======== Collected material ========
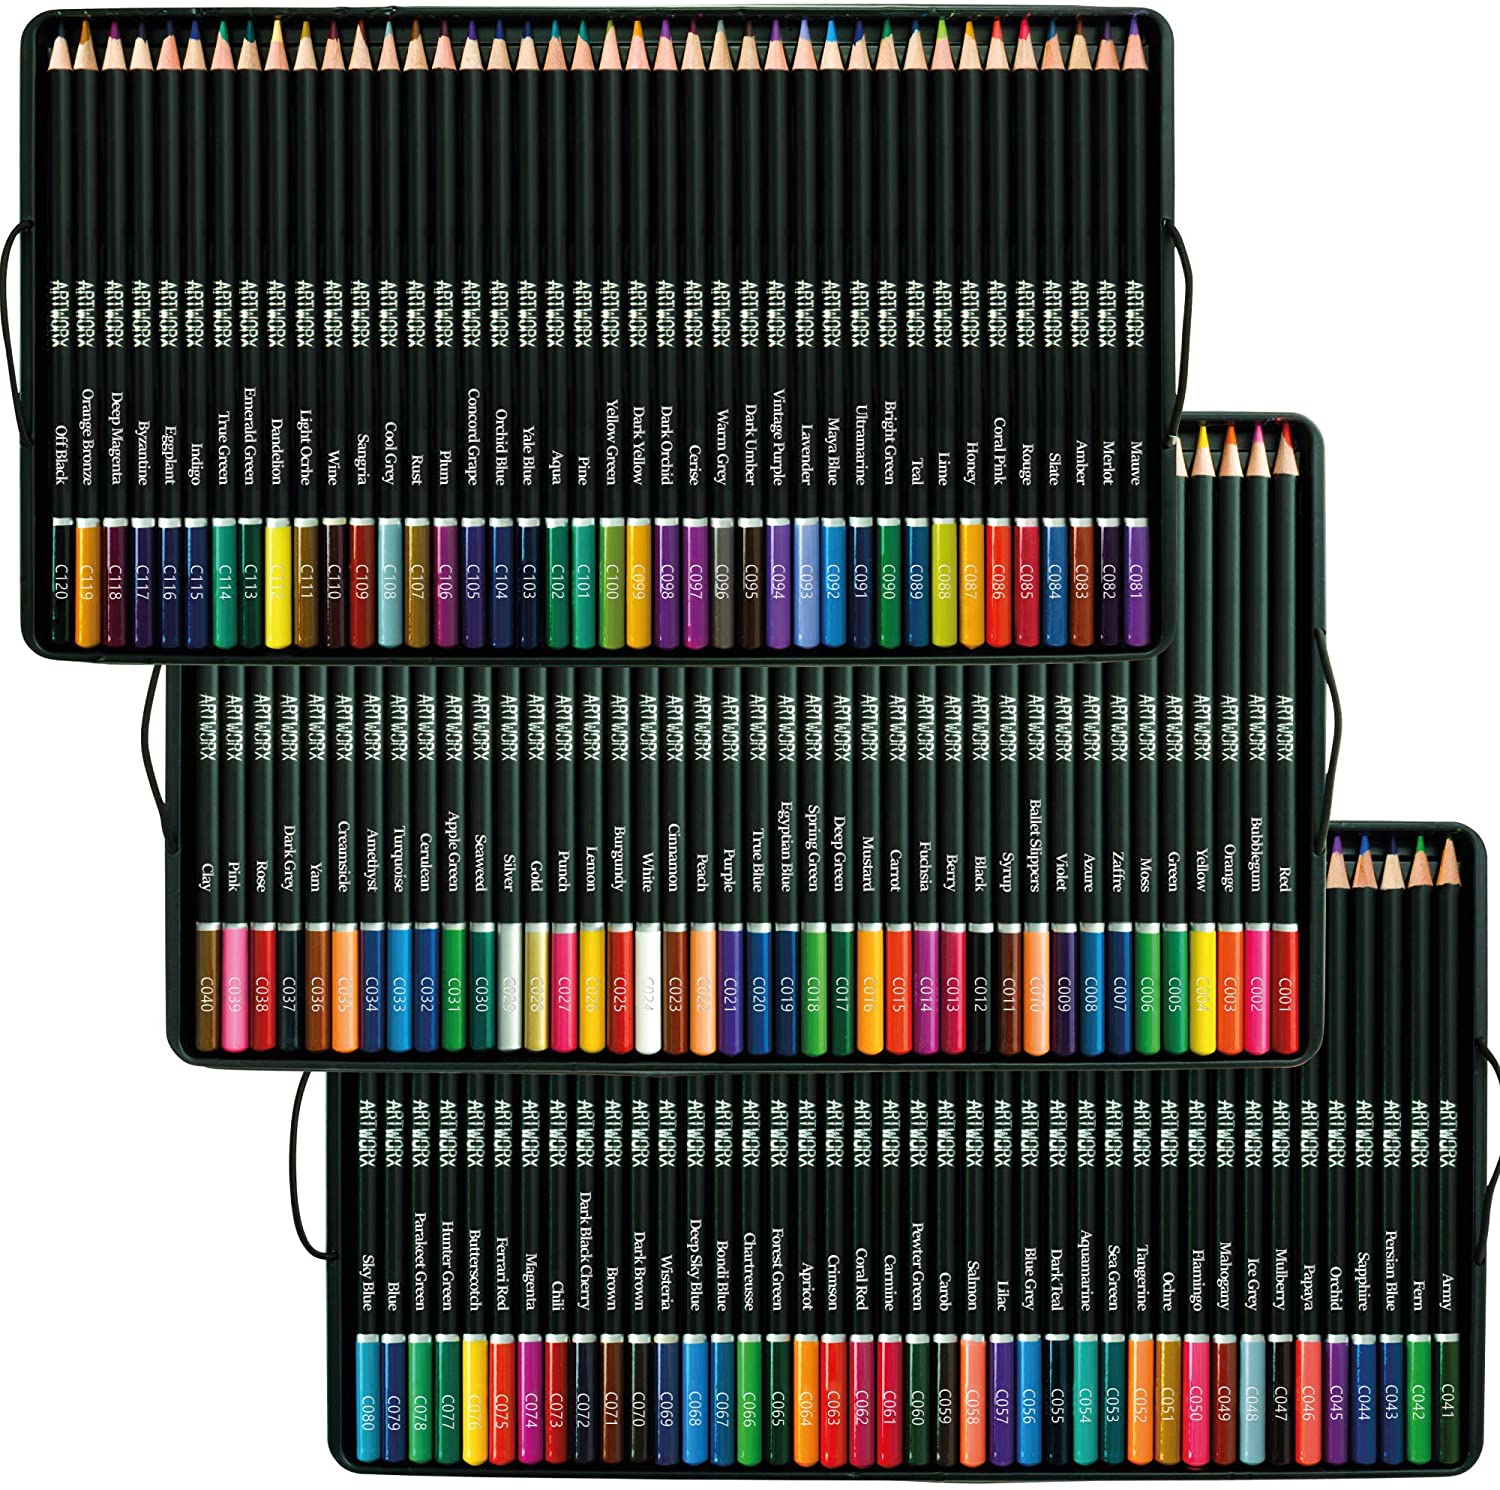 Artworx Premium Artists Colouring Art Pencils front view
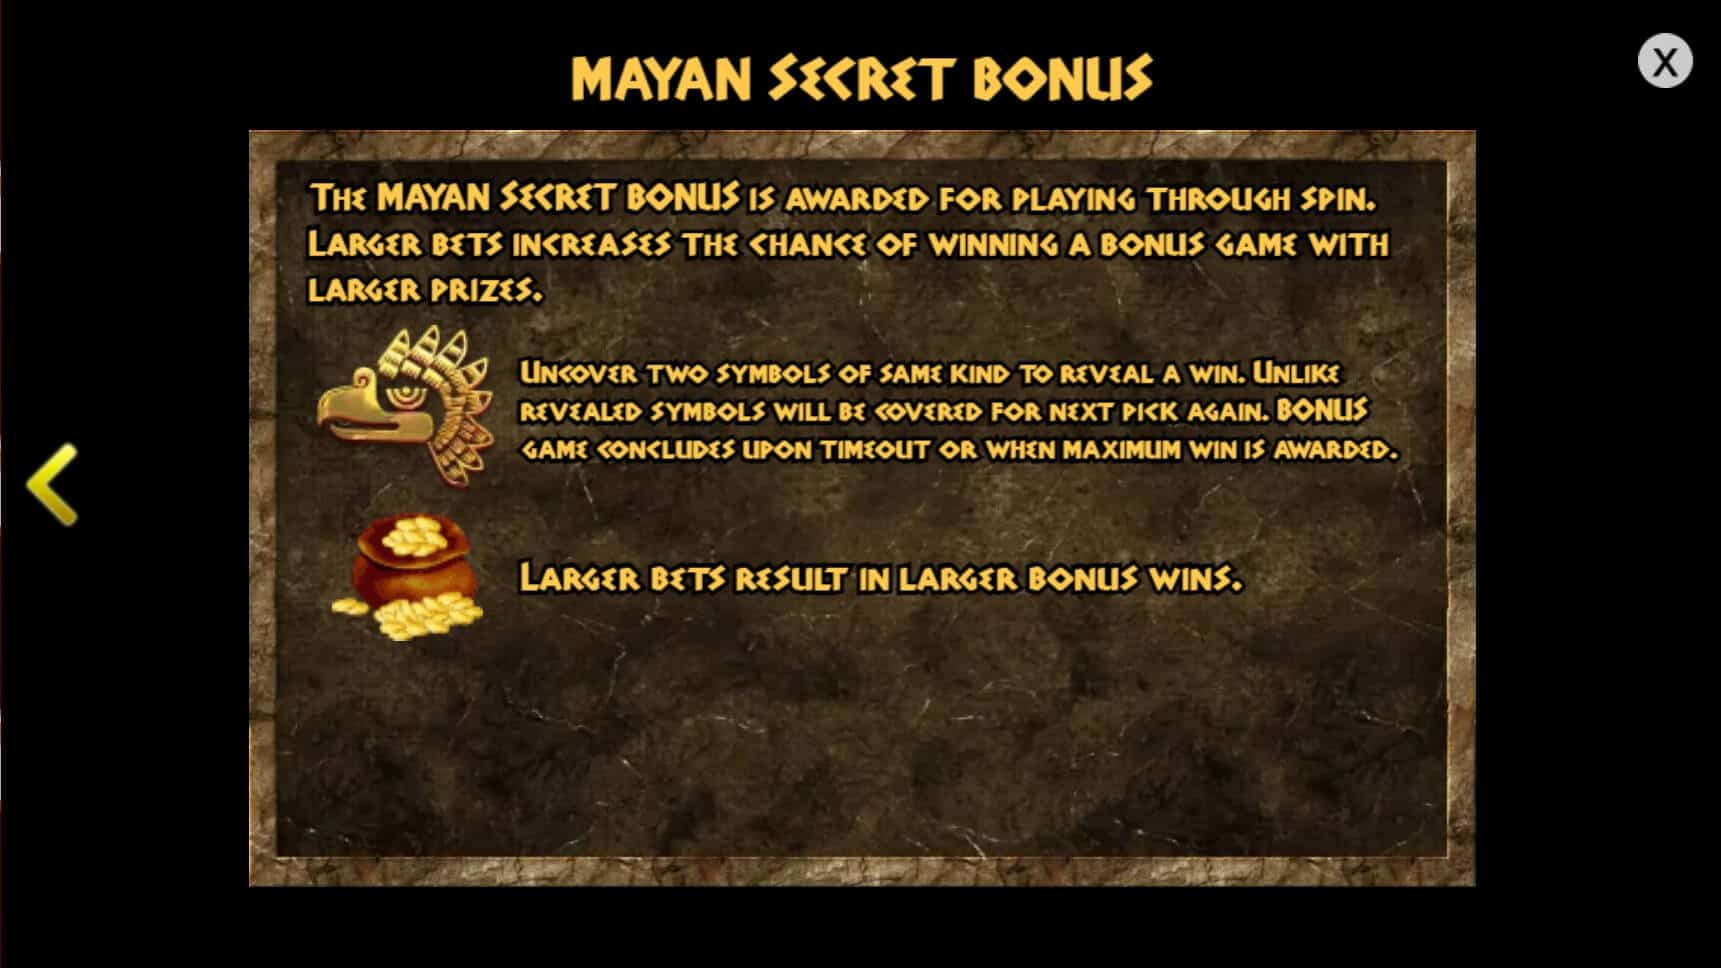 Mayan Gold สล็อต เว็บตรง ไม่ผ่านเอเย่นต์ ค่าย KA Gaming สล็อต 1234 joker
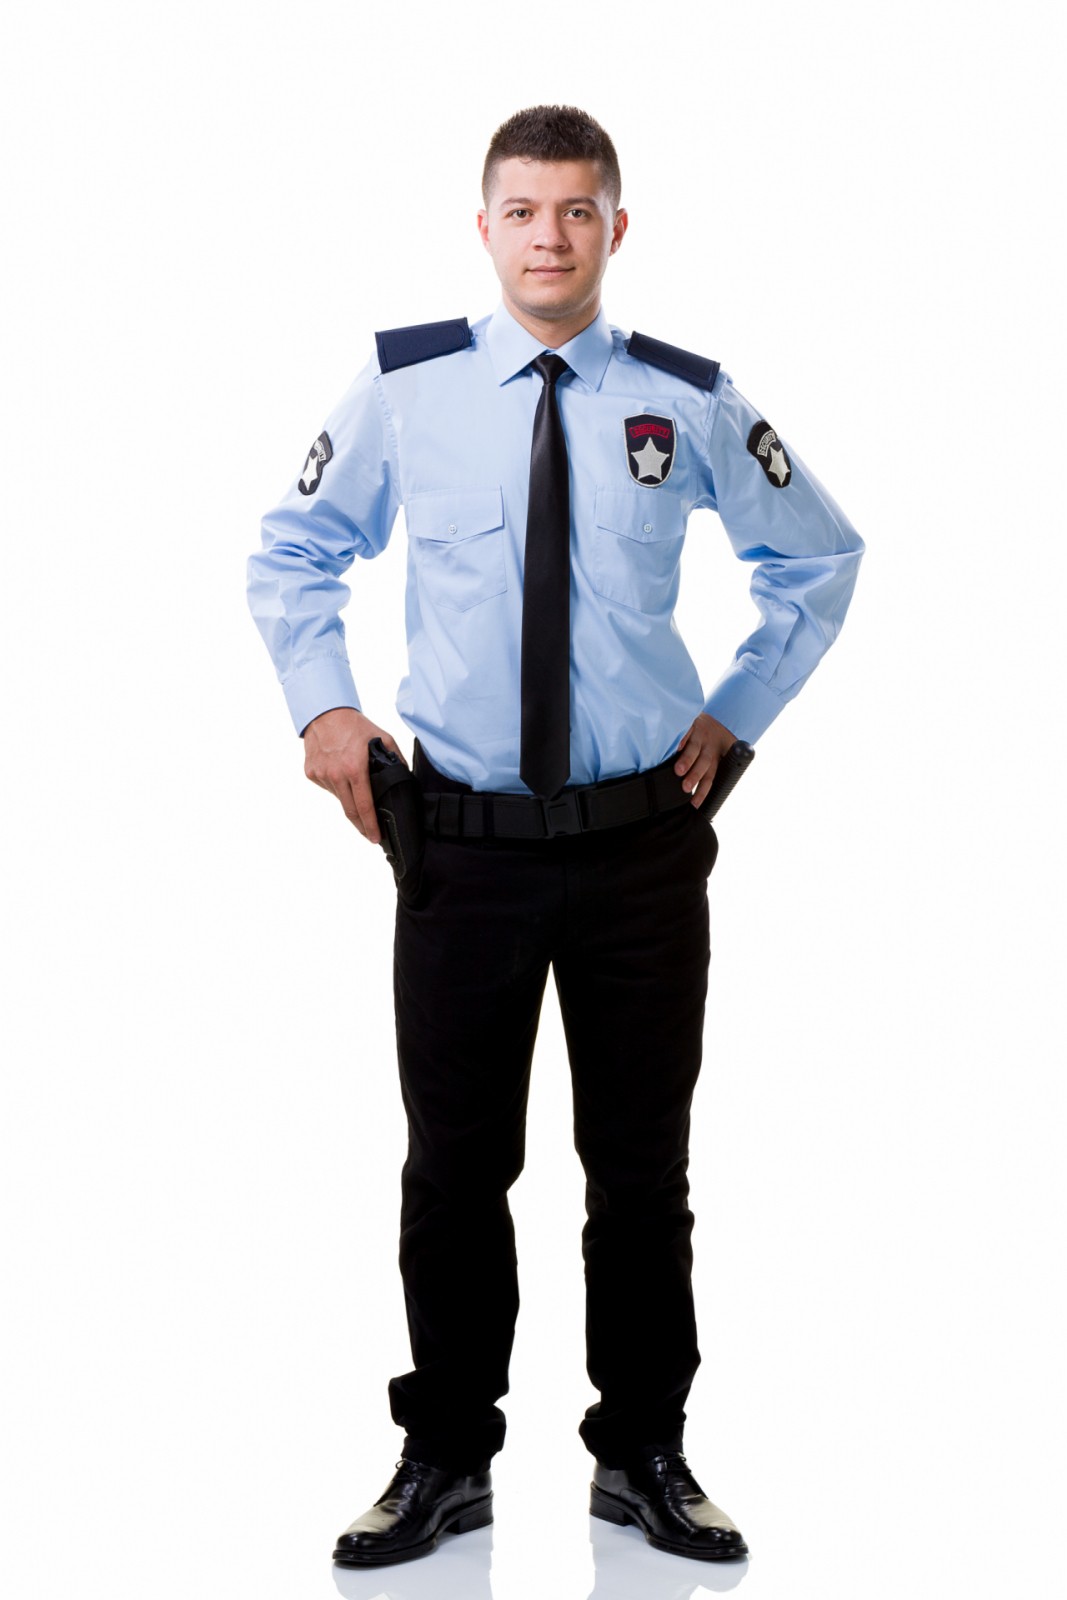 Polizeivollzugsbeamter (m/w/d)
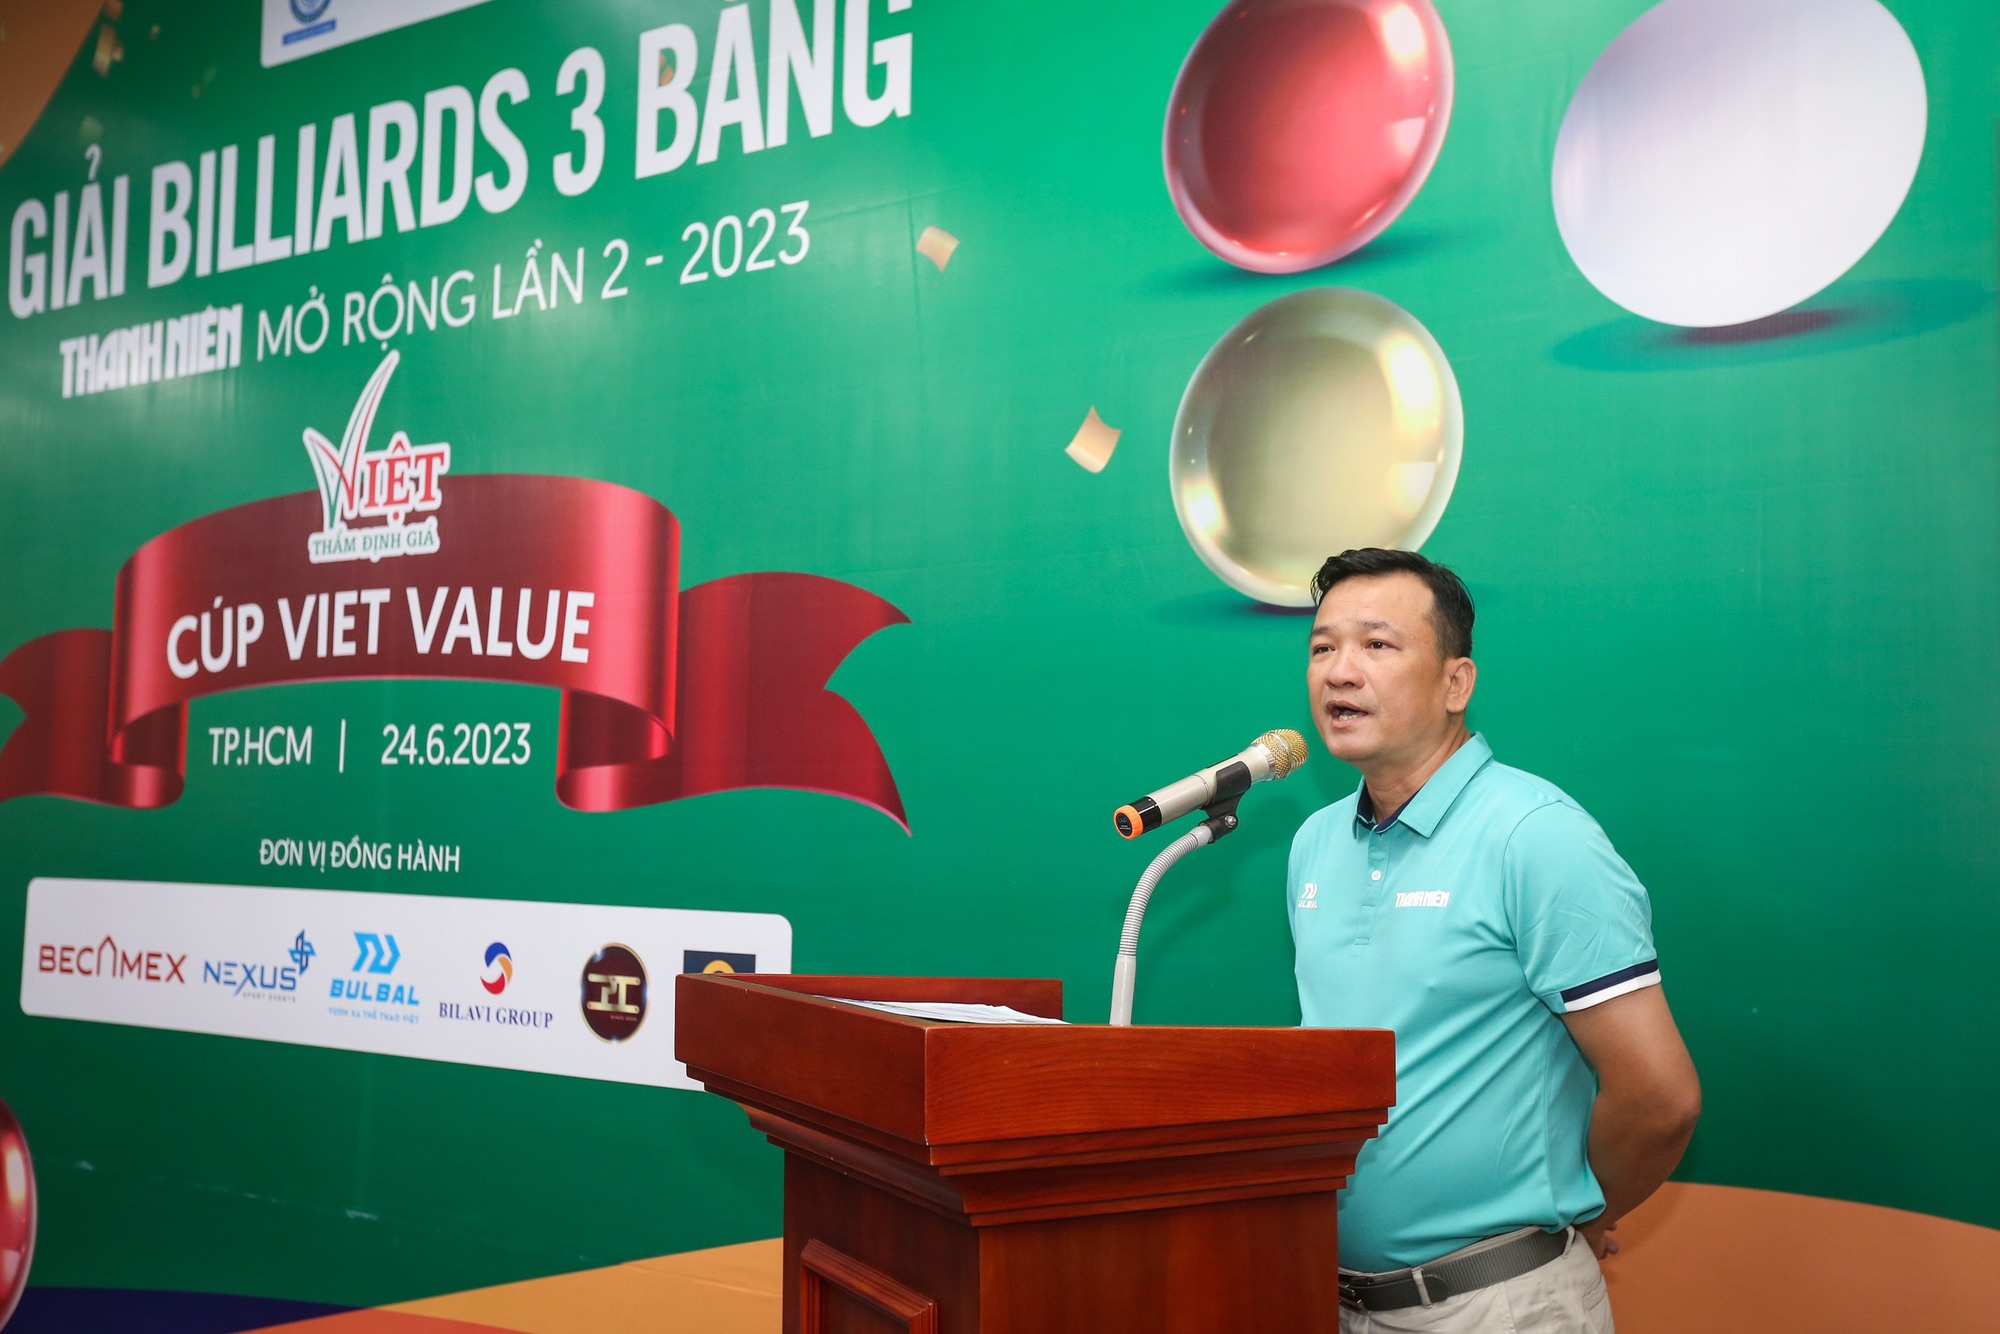 Nguyễn Hoàng Yến Nhi hứa hẹn bùng nổ tại giải billiards  3 băng Thanh Niên - Ảnh 3.
========
▶ Assigned task
Copy all of the data word for word, and keep the pictures out of it.

▶ Exercise output
 Artworx Premium Artists Colouring Art Pencils front view
 Mayan Gold สล็อต เว็บตรง ไม่ผ่านเอเย่นต์ ค่าย KA Gaming สล็อต 1234 joker
 Polizeivollzugsbeamter (m/w/d)
 Nguyễn Hoàng Yến Nhi hứa hẹn bùng nổ tại giải billiards  3 băng Thanh Niên - Ảnh 3.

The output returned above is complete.